Statt mit 9 Euro Ticket in überfüllten Zügen irgendwo hin haben wir unser entspanntes, leeres Düsseldorf genossen. Zu Fuß sind wir ins „Dorf“, das tatsächlich ländlich wirkende Alt Niederkassel, gelaufen. Start war der Biergarten der gemütlichen D-Schänke, die sich Weinfreaks merken sollten. Der neue Inhaber dieser traditionellen Dorfschänke, Thomas Demske, hat seinen kompletten Weinkeller mit eingebracht, was zu einer unvermuteten, gefühlt sicher etwa 700 Positionen starken Weinkarte geführt hat, die insbesondere im Bereich deutscher Rieslinge phänomenal mit großartiger Jahrgangstiefe ist. Da lohnt dann selbst eine 9 Euro Ticketfahrt hierhin von egal woher, auch aus Köln.

Wir begannen unseren Abend im Dorf mit einem fantastischen 2009 Halenberg GG von Schäfer-Fröhlich, jetzt im perfekten GG Alter und immer noch so taufrisch. Sehr präzise und animierend die saftige 2009er Frucht, immer noch rassig die Säure, dazu eine intensive, salzige Mineralität - WT96. Unsterblich dieser 1987 Mouton Rothschild mit diesem prächtigen Etikett, auf dem der Schweizer Künstler Erni den Baron Philippe de Rothschild verewigt hat. Etwas schlanker als der geniale 90 Mouton vom Vorabend, aber ohne Alterstöne, sehr elegant mit der klassischen Mouton Aromatik, ein klassischer Mouton zum Verlieben - WT95. Wiederauferstanden nach schöpferischer Pause ist dieser hedonistische 1990 Gazin mit pflaumiger Frucht, prächtiger, einfach dekadent leckerer, schokoladiger Fülle und gutem Rückgrat für ein längeres, zweites Leben - WT96. Und dann war da noch dieser atemberaubende, tief dunkle, druckvolle 1999 Pingus, der mit seiner perfekten Balance aus Kraft und Eleganz an die legendäre Eisenfaust im Samthandschuh von Margaux erinnerte.
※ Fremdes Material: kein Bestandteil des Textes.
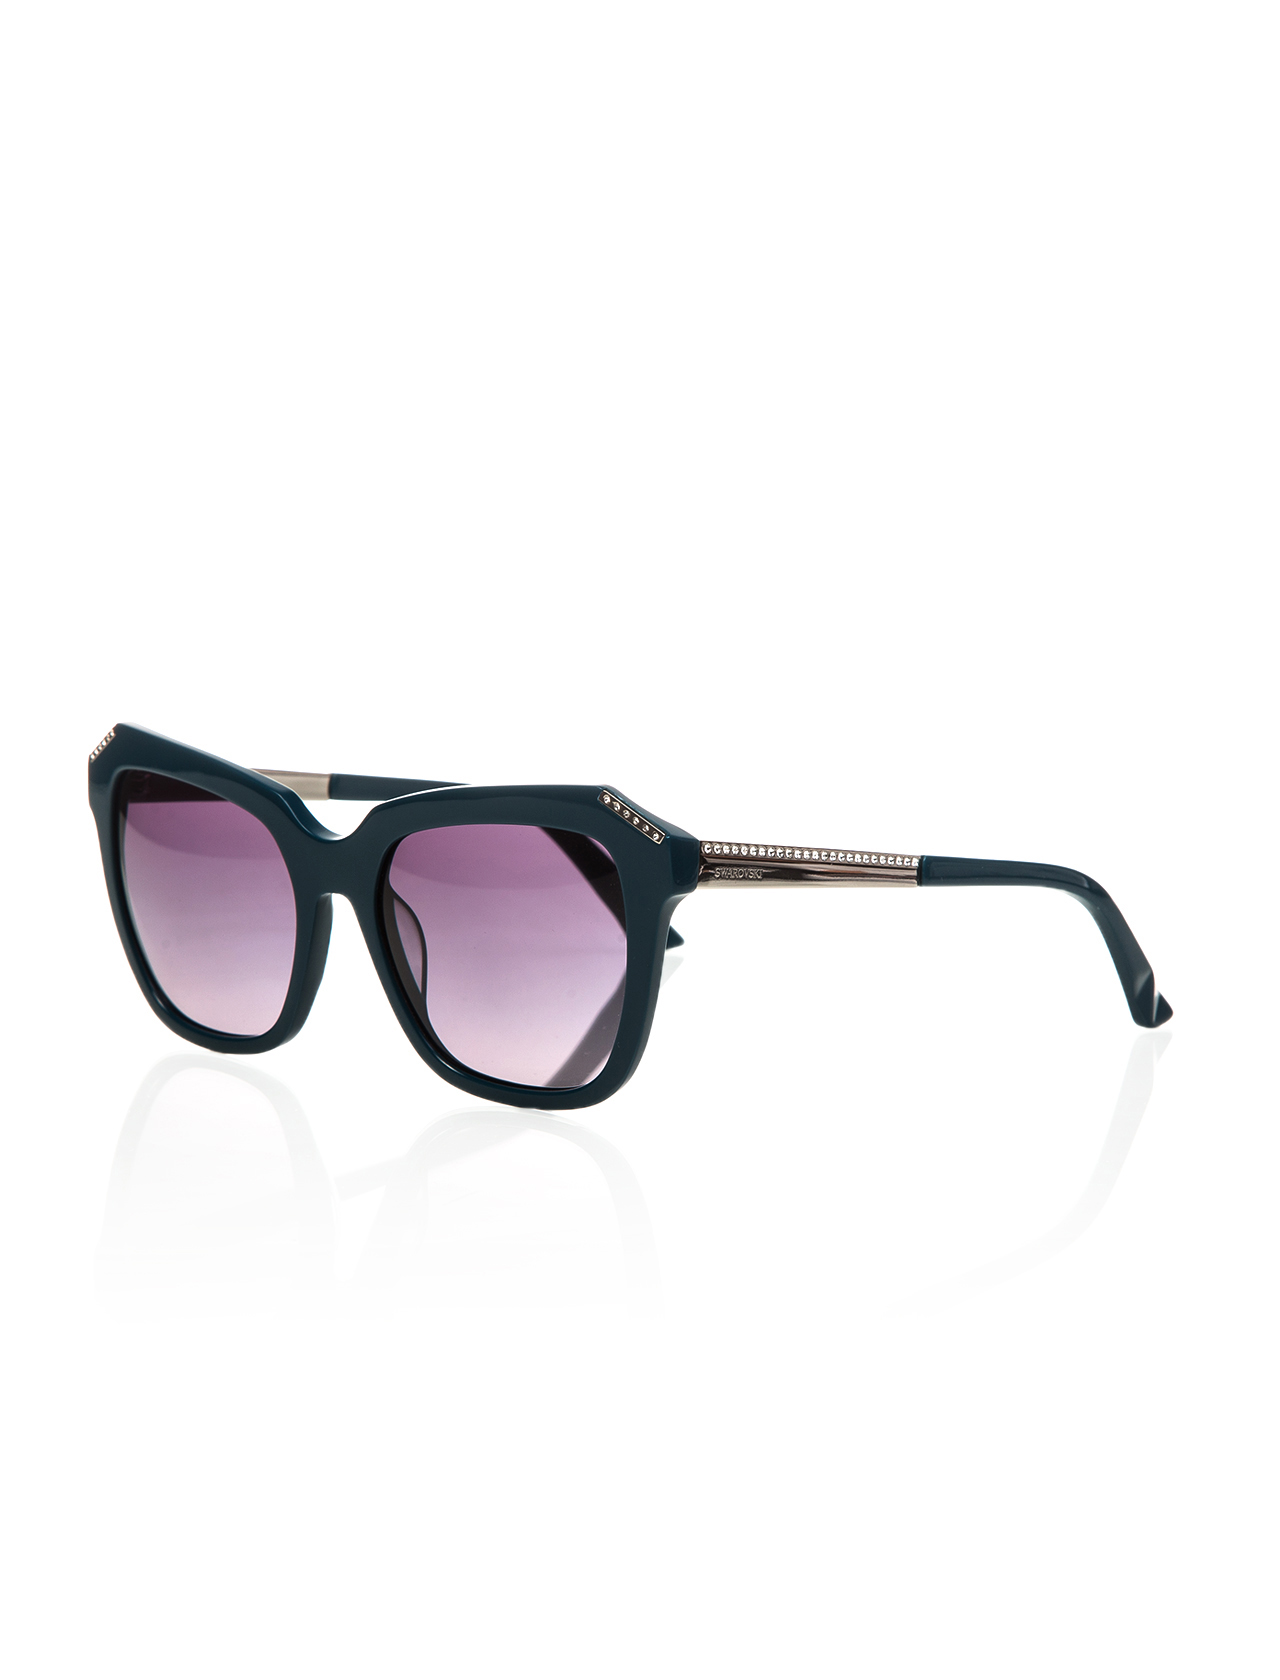 Women's sunglasses swr 0115 87b bone green organic 55-swarovski

Einfach Weltklasse - WT98.

Punkt 22 Uhr muss leider dieser schöne Biergarten aufgrund eines einzelnen, renitenten Nachbarn und Prozesshansels schließen. Willkommen in Deutschland!
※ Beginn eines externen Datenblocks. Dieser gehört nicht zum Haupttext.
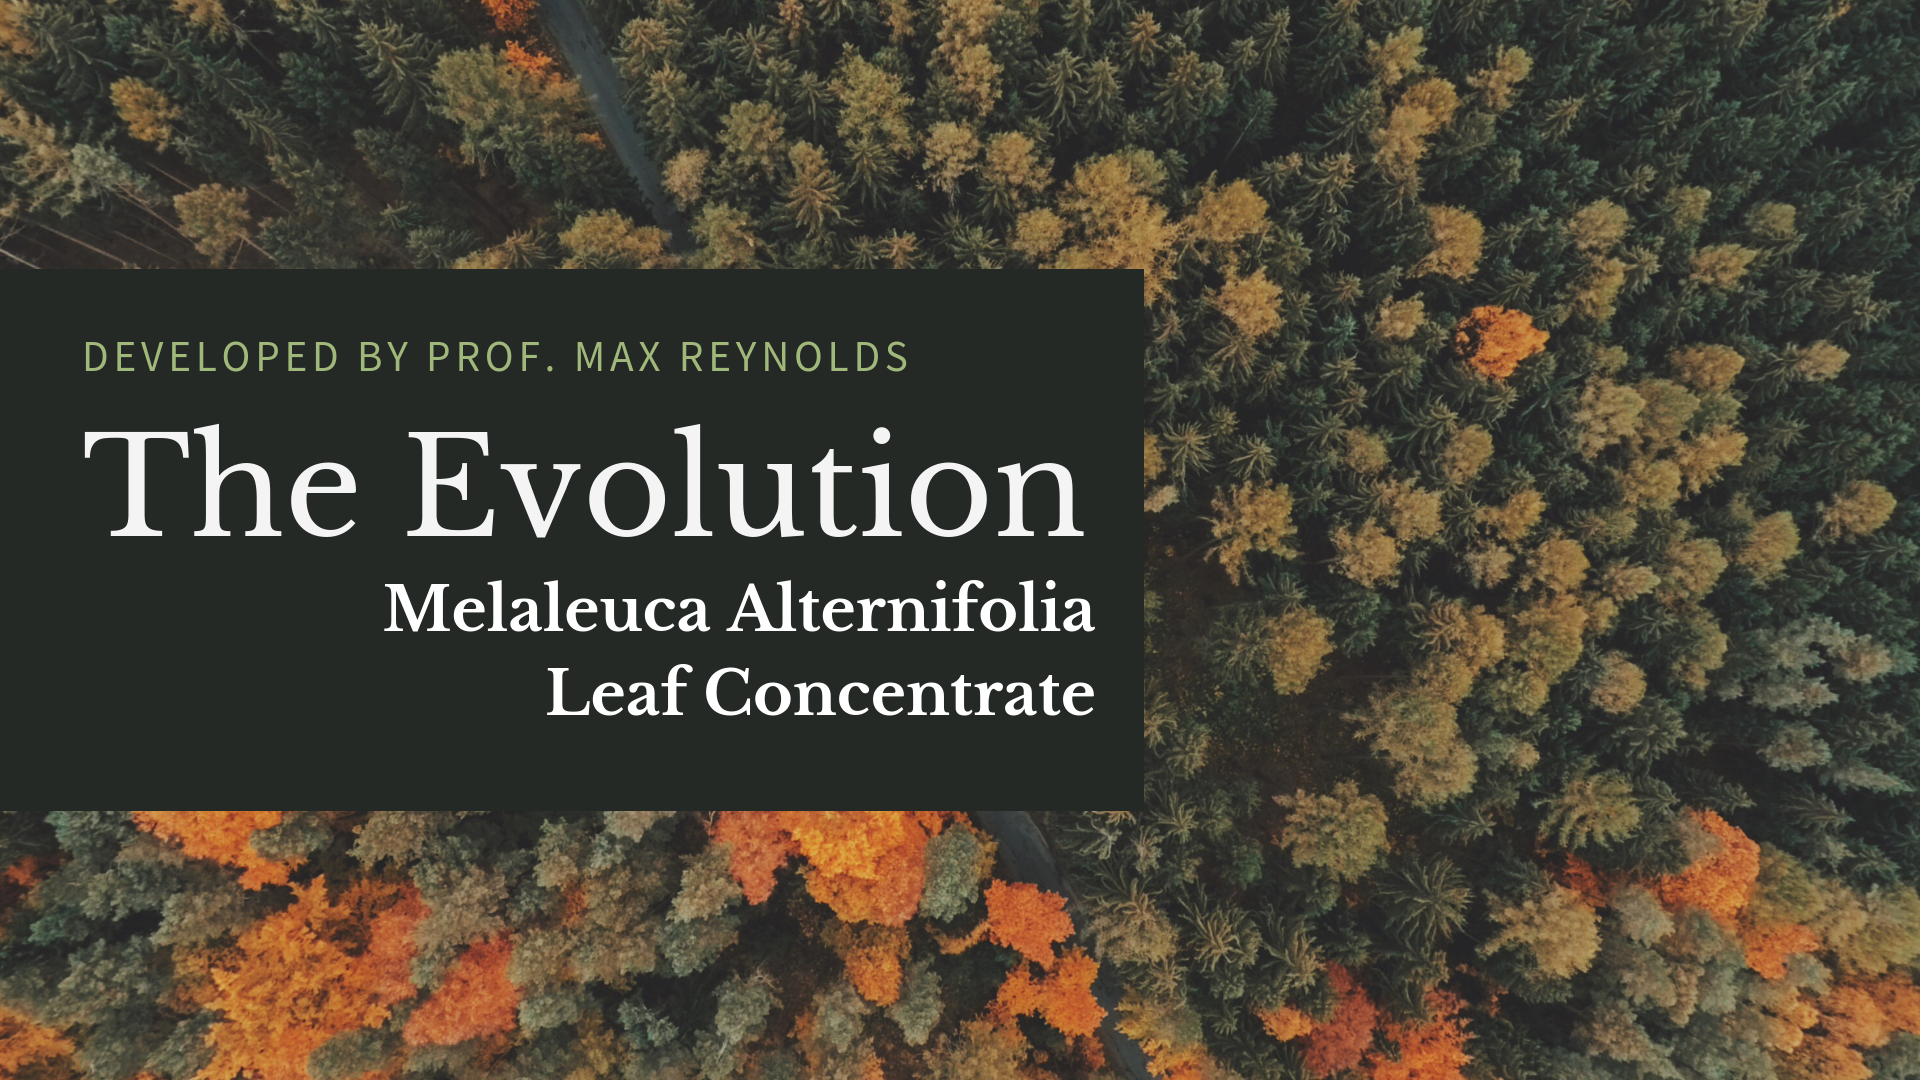 Evolution of Melaleuca Alternifolia

Als zogen wir weiter zum Passion du Vin, wo uns Michael Krieg, bei dem unverhofft noch eine Geburtstagsgesellschaft aus der Nachbarschaft tagte, nicht nur mit einer feinen Platte aus seinem großen Sortiment frischer, französischer Käse verwöhnte. Aus der D-Schenke hatten wir noch einen famosen 2011 Percarlo mitgebracht. Der war mir schon am letzten Wochenende auf der Alpina Auslese bei der Verkostung mehrerer, gereifter Percarlo Jahrgänge aufgefallen. Das war Sangiovese (sonst nicht unbedingt meine Lieblings-Rebsorte) vom Feinsten. Sehr elegant mit feiner Frucht, Kirsche und Pflaume, etwas Balsamico, der kräuterigen Note des toskanischen Macchia und kräftigen, aber reifen Tanninen, baute enorm im Glas aus und dürfte noch eine gute Zukunft haben - WT95. Als Nightcap kam von Michael noch ein überraschend schöner 1990 Lanessan. Ein klassischer Old School Bordeaux, der gerade erst anfing, sich zu öffnen und sicher noch ein paar Dekaden vor sich hat, verkannt und absolut großartig - WT93+.

Einfach schön war es da auf dem „Dorf“.